As the plaintiff points out, there is evidence of record that (at least per her own contemporaneous reports) her condition was severe prior to her date last insured. Statement of Errors at 4; see also, e.g., Record at 166 (December 3, 1993 note of treating physician's assistant that, per plaintiff's report, back pain had been so bad she had to quit her job as CNA, although x-rays had revealed nothing wrong). Nonetheless, conflicts in the evidence are the province of the administrative law judge to resolve. See Rodriguez, 647 F.2d at 222 ("The Secretary may (and, under his regulations, must) take medical evidence. But the resolution of conflicts in the evidence and the determination of the ultimate question of disability is for him, not for the doctors or for the courts.")

II. Conclusion

For the foregoing reasons, I recommend that the commissioner's decision as to the plaintiff's SSD application be AFFIRMED, and his decision as to the plaintiff's SSI application be VACATED and the cause REMANDED with instructions to award the plaintiff SSI benefits.

Dated this 9th day of April, 2001.

HALL v. SOCIAL SECURITY, COM Filed: 09/11/00

Assigned to: Judge GEORGE Z. SINGAL


Demand: $0,000 Nature of Suit: 864

Jurisdiction: US Defendant

Cause: 42:405 Review of HHS Decision (SSID)
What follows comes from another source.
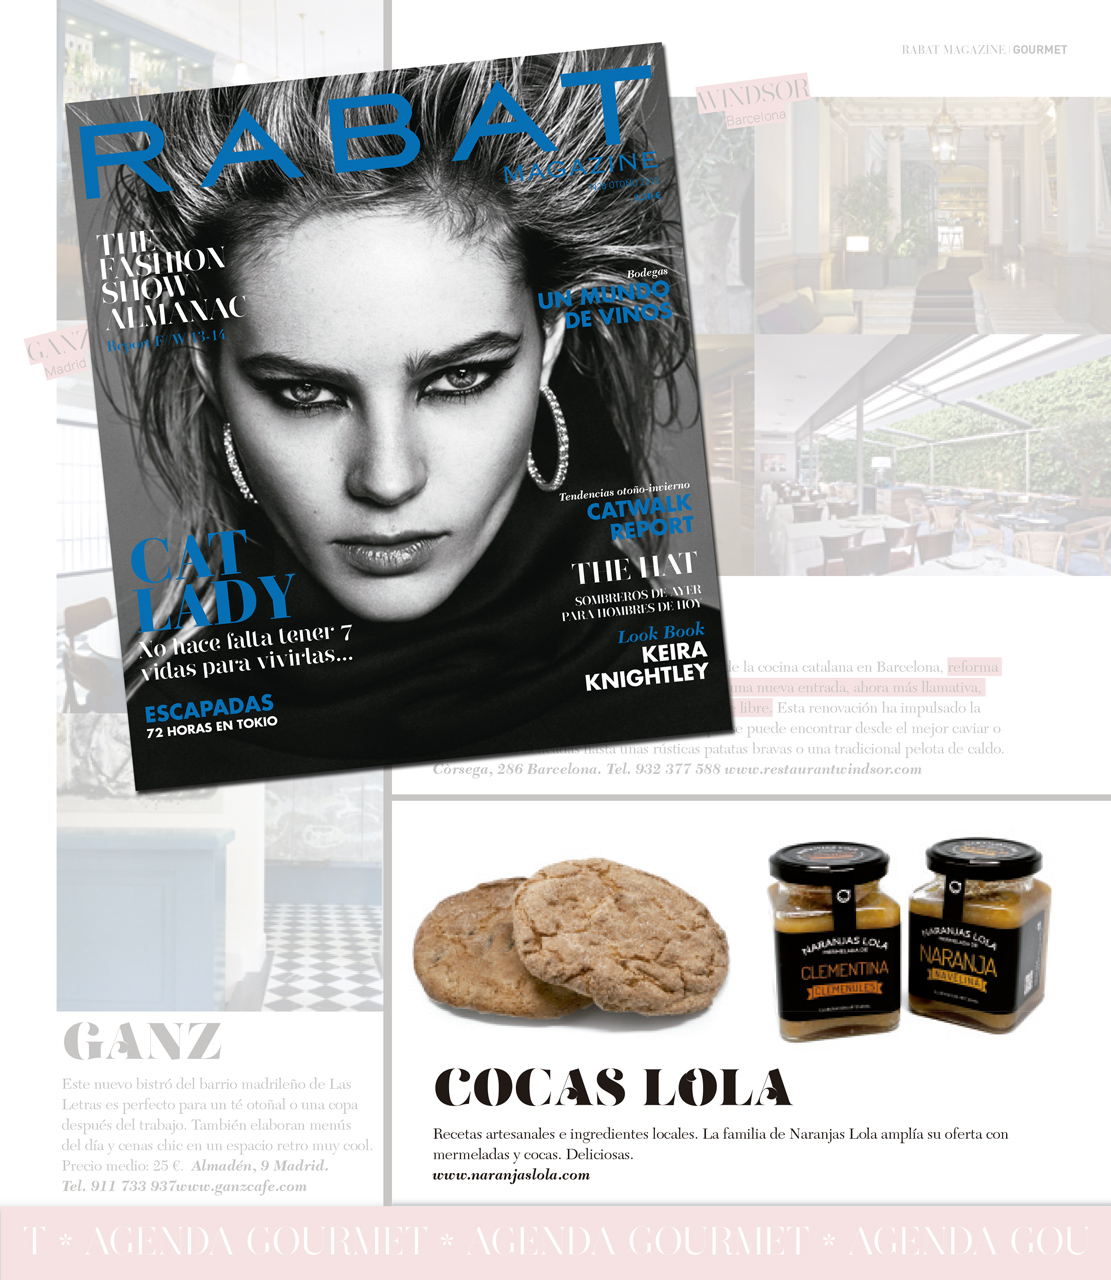 Naranjas Lola en la agenda gourmet de la revista Rabat Magazine

1. Pursuant to Fed. R. Civ. P. 25(d)(1), Acting Commissioner of Social Security William A. Halter is substituted as the defendant in this matter.
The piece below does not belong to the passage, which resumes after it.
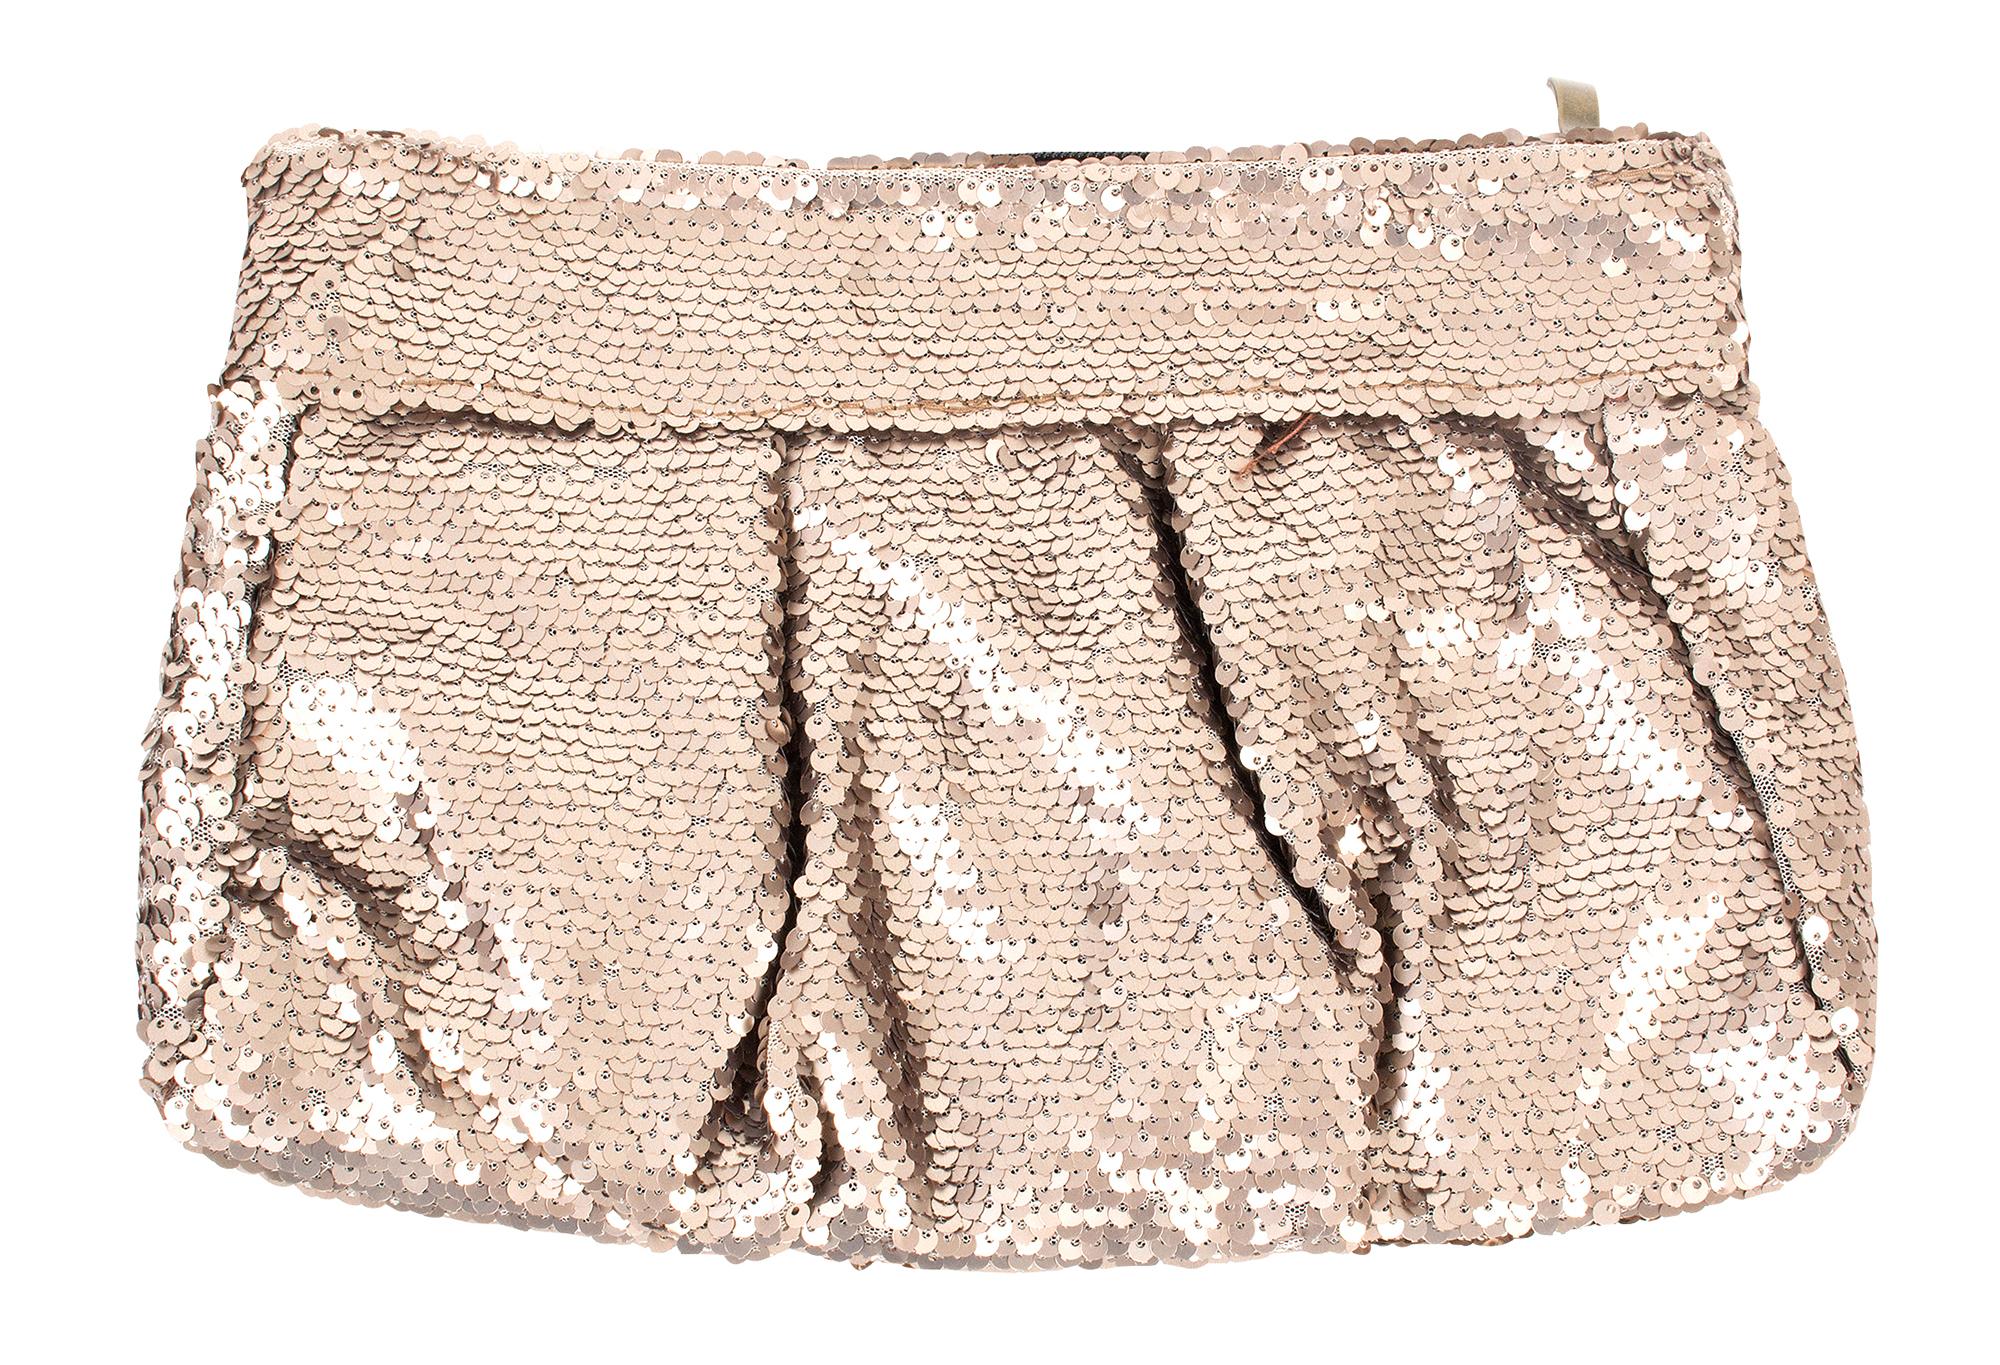 Muche et Muchette sequin clutch, $50 at Copper Penny

2. This action is properly brought under 42 U.S.C. §§ 405(g) and 1383(c)(3). The commissioner has admitted that the plaintiff has exhausted her administrative remedies. The case is presented as a request for judicial review by this court pursuant to Local Rule 16.3(a)(2)(A), which requires the plaintiff to file an itemized statement of the specific errors upon which she seeks reversal of the commissioner's decision and to complete and file a fact sheet available at the Clerk's Office. Oral argument was held before me on April 6, 2001, pursuant to Local Rule 16.3(a)(2)(C) requiring the parties to set forth at oral argument their respective positions with citations to relevant statutes, regulations, case authority and page references to the administrative record.
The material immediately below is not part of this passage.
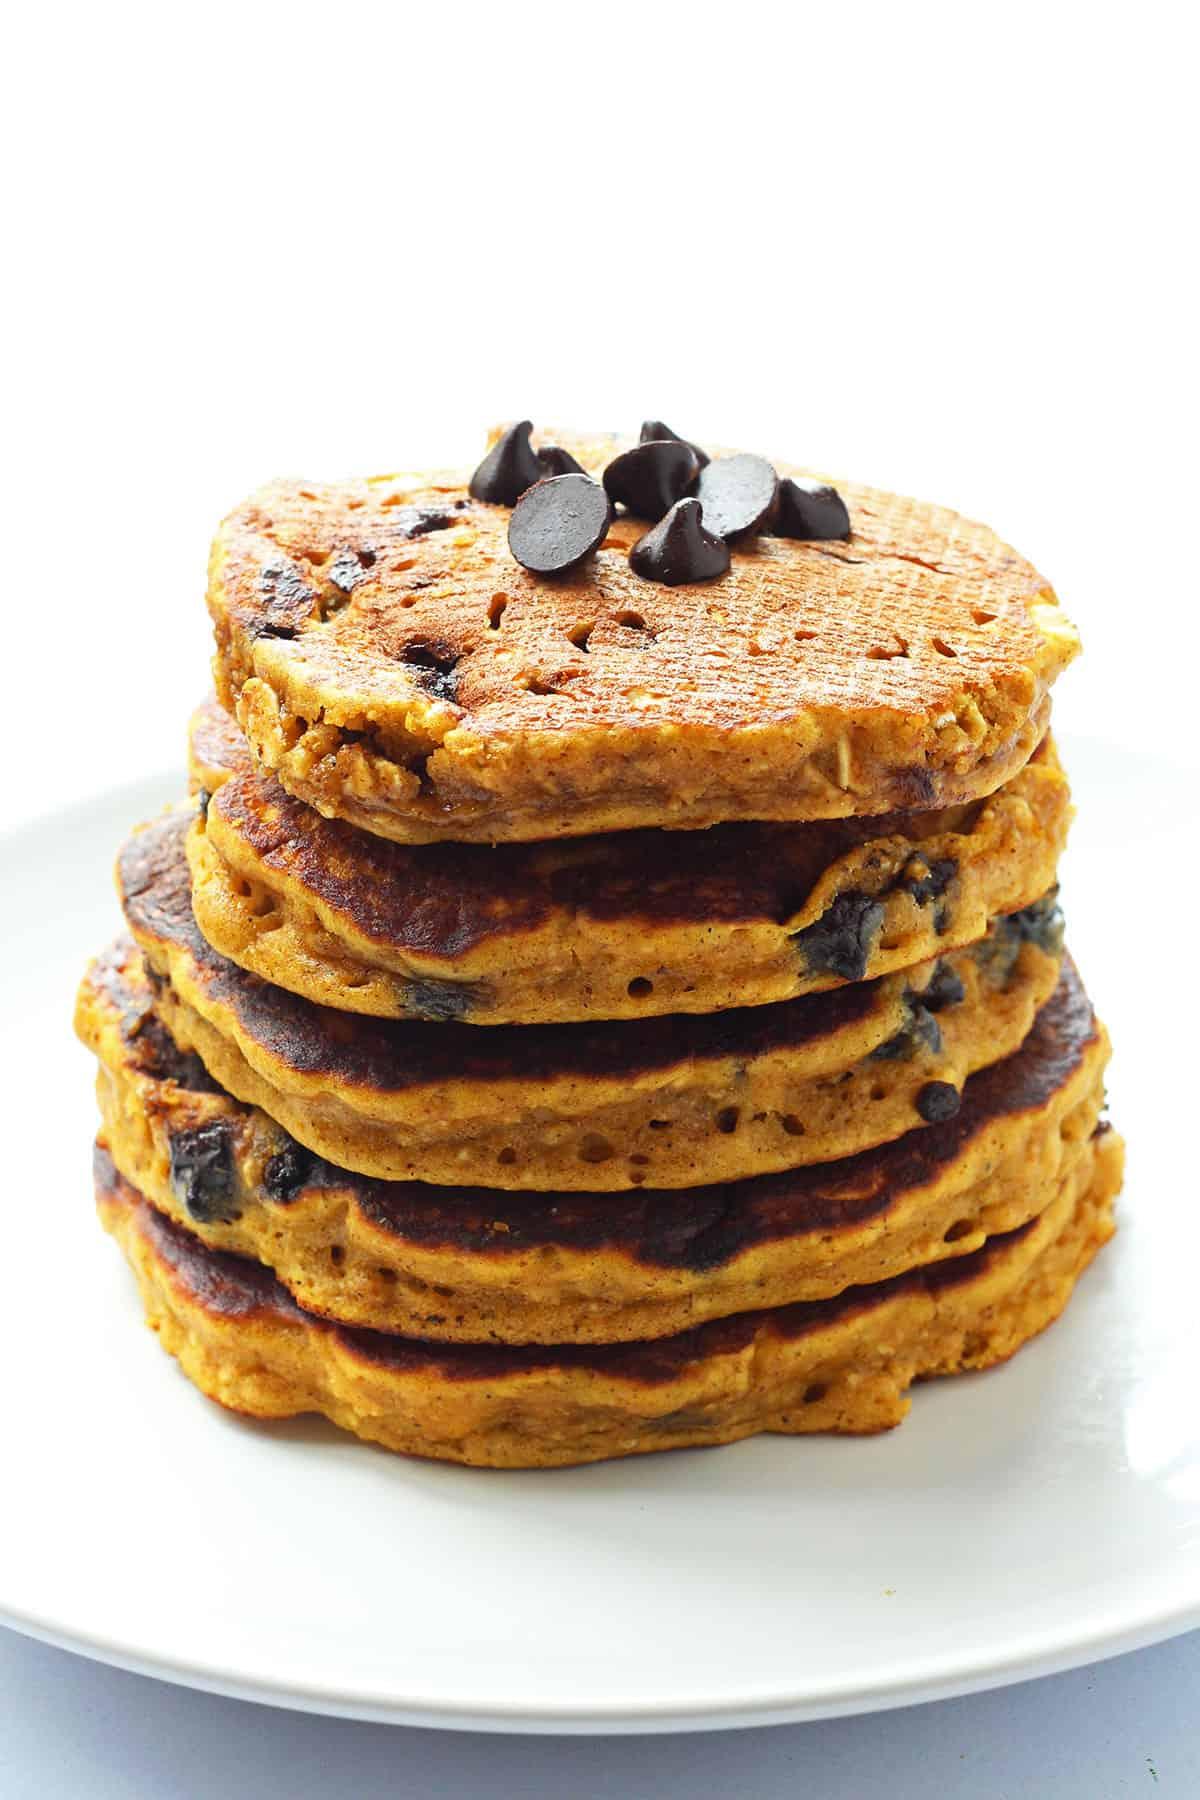 Pumpkin Oatmeal Pancakes with Chocolate

3. The administrative law judge also found that the plaintiff returned to substantial gainful activity in October 1998. Finding 2, Record at 36. However, the administrative law judge determined that inasmuch as the work did not begin until after the plaintiff filed her claim and more than twelve months after the alleged date of onset, it did not preclude entitlement to benefits. Id. at 29-30.

4. Prior to oral argument, the commissioner moved to remand this case for the purpose of obtaining evidence from a vocational expert. Defendant's Motion To Remand (Docket No. 5). The motion was denied in light of the plaintiff's objection. Endorsement to id.

5. Counsel for the commissioner stated at oral argument that the latter report was prepared by Floyd B. Goffin, M.D., whose name is mentioned, but whose signature does not appear, in a Disability Determination and Transmittal reproduced at page 70 of the Record.